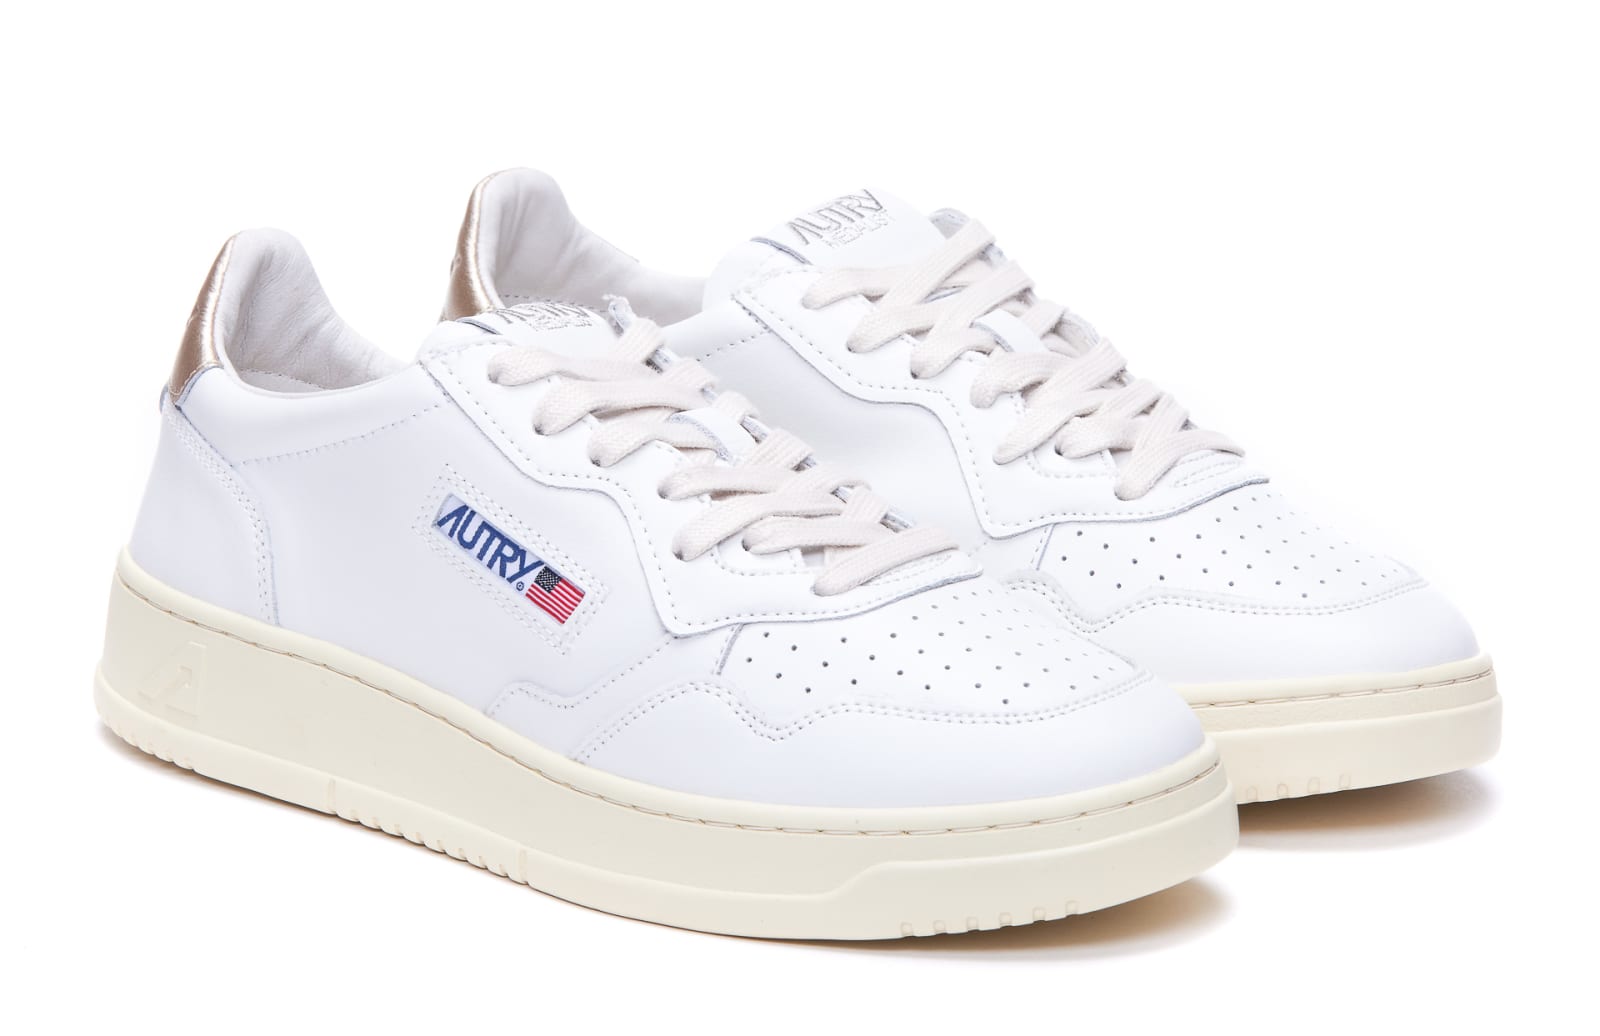 Shop Autry Medialist Low Sneakers In White
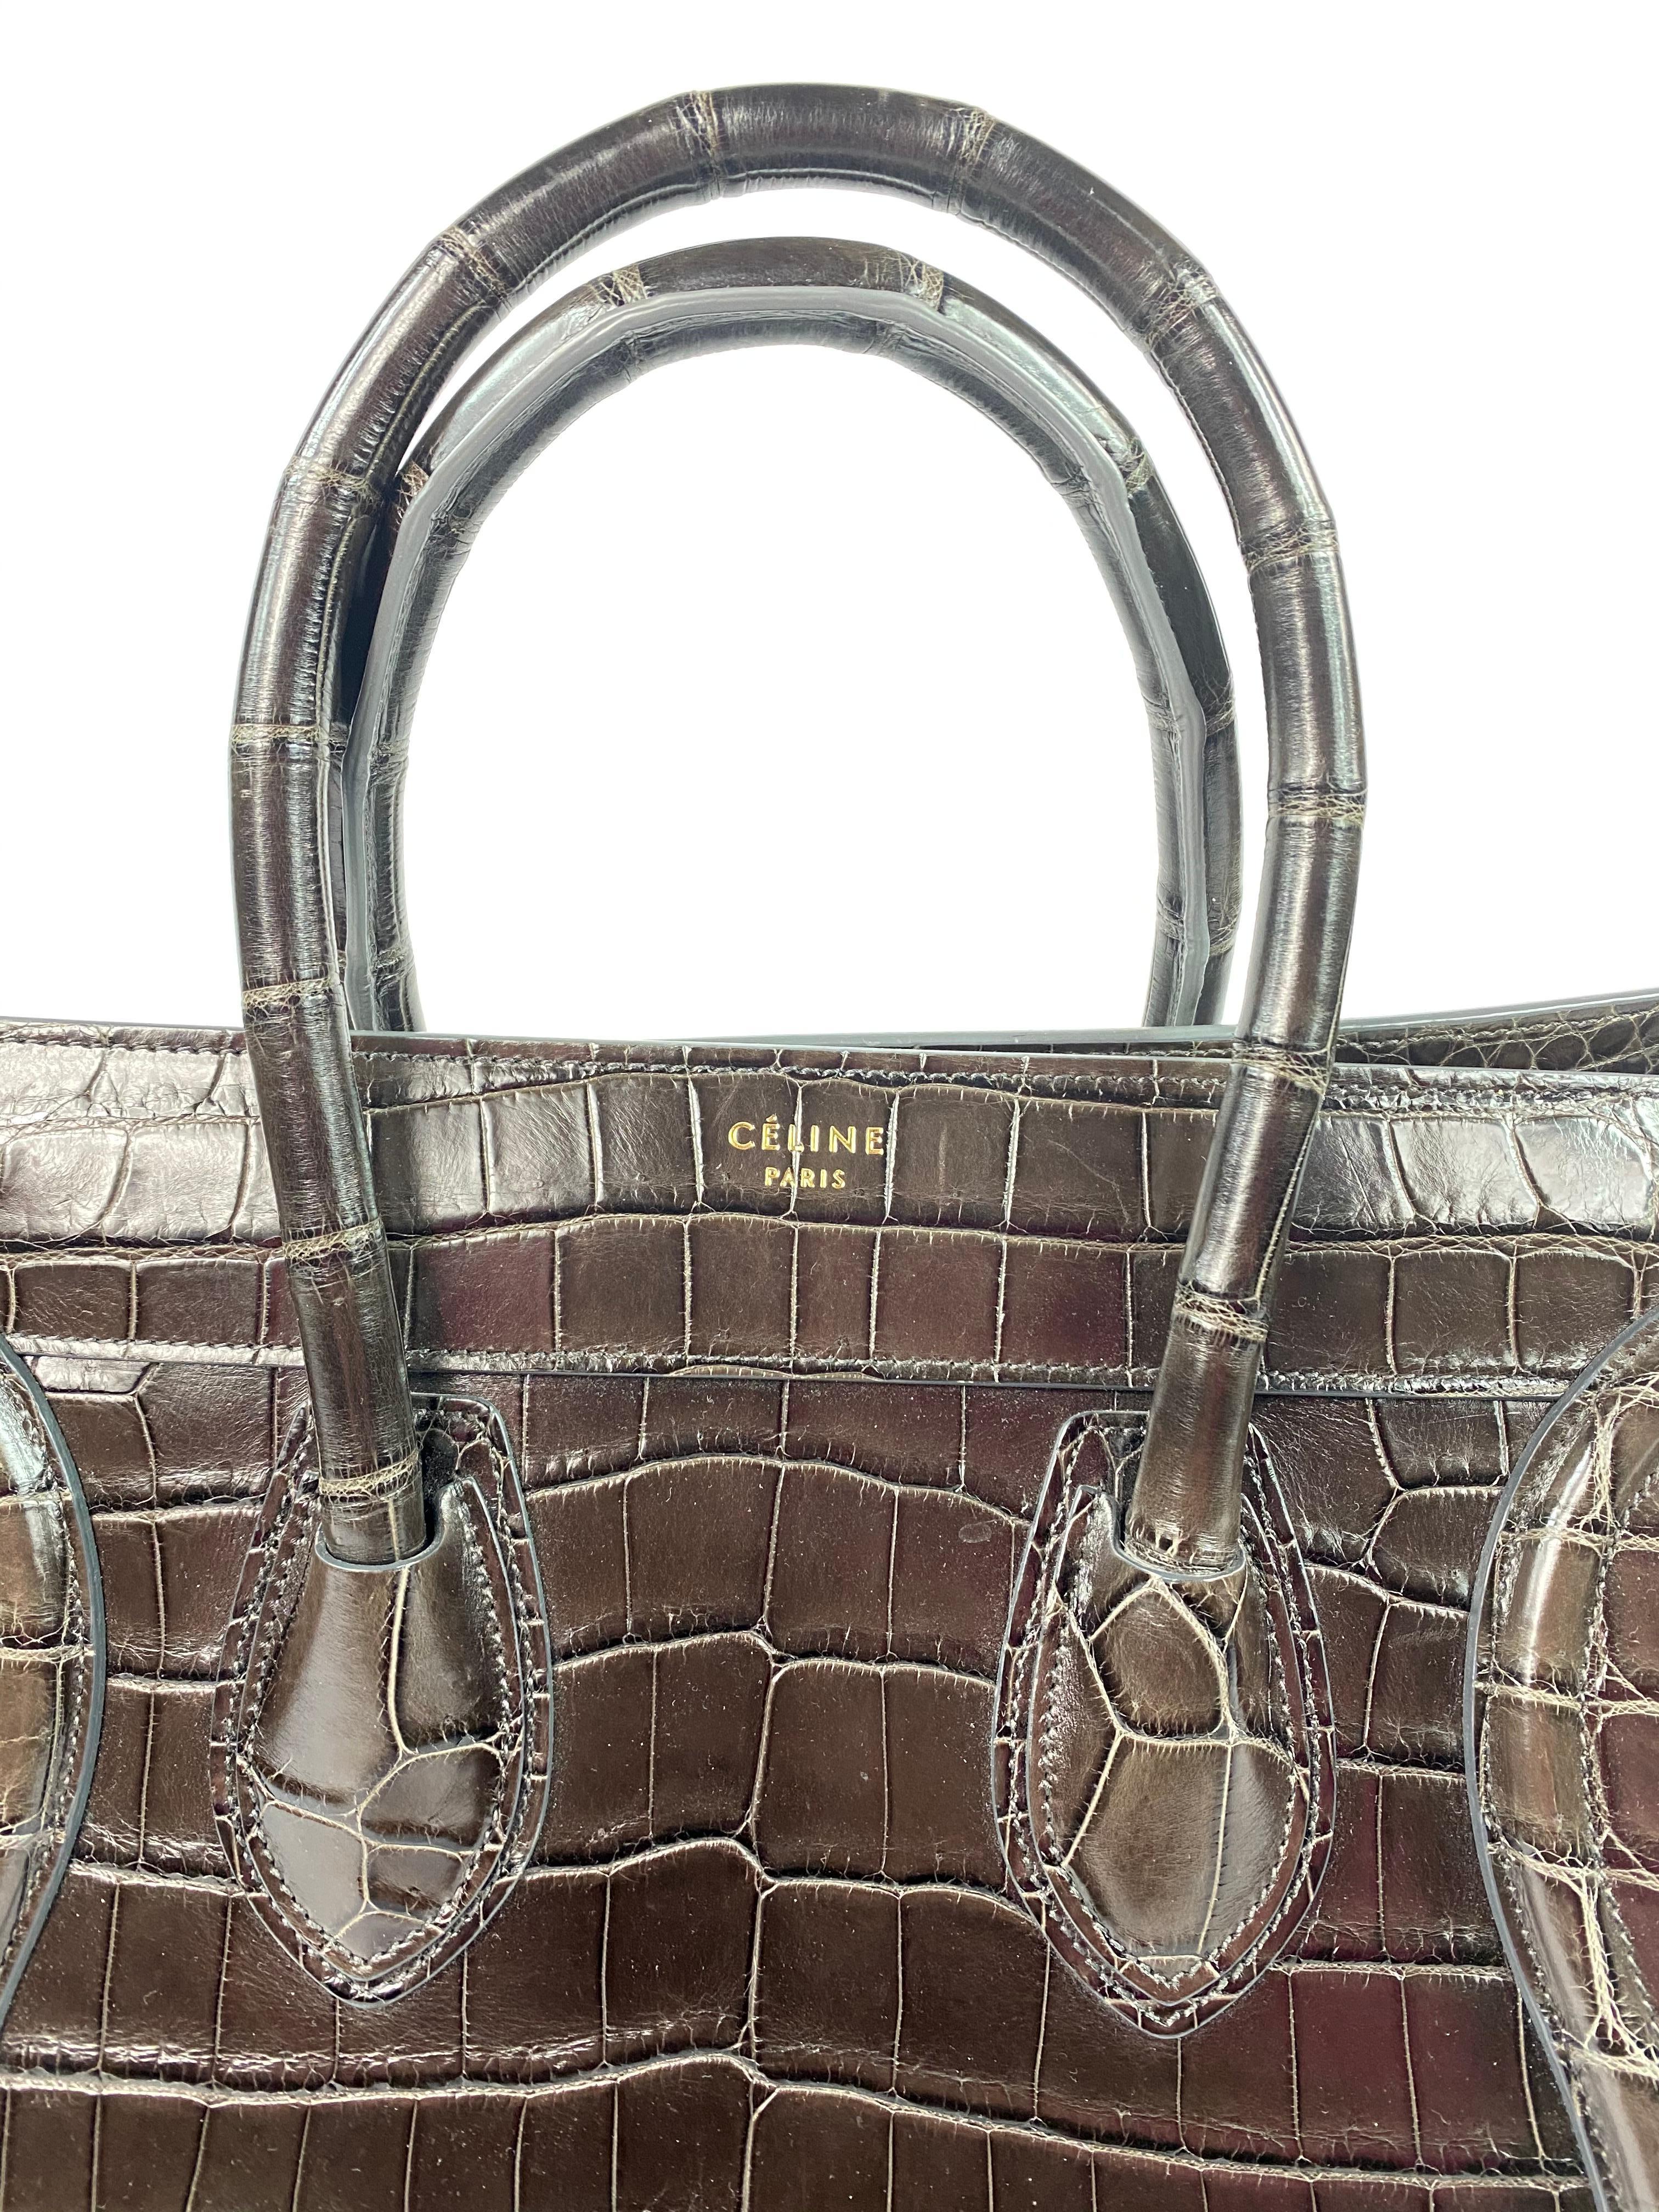 CELINE Brown Crocodile Medium Phantom Luggage Tote Bag

Product details:
Brown Crocodile leather
Handle drop measure 8”
Made in Italy
Est. Retail $38,000

## To do
Drop the pictures and copy the data exactly.

## Result
 Shop Autry Medialist Low Sneakers In White
 CELINE Brown Crocodile Medium Phantom Luggage Tote Bag

Product details:
Brown Crocodile leather
Handle drop measure 8”
Made in Italy
Est. Retail $38,000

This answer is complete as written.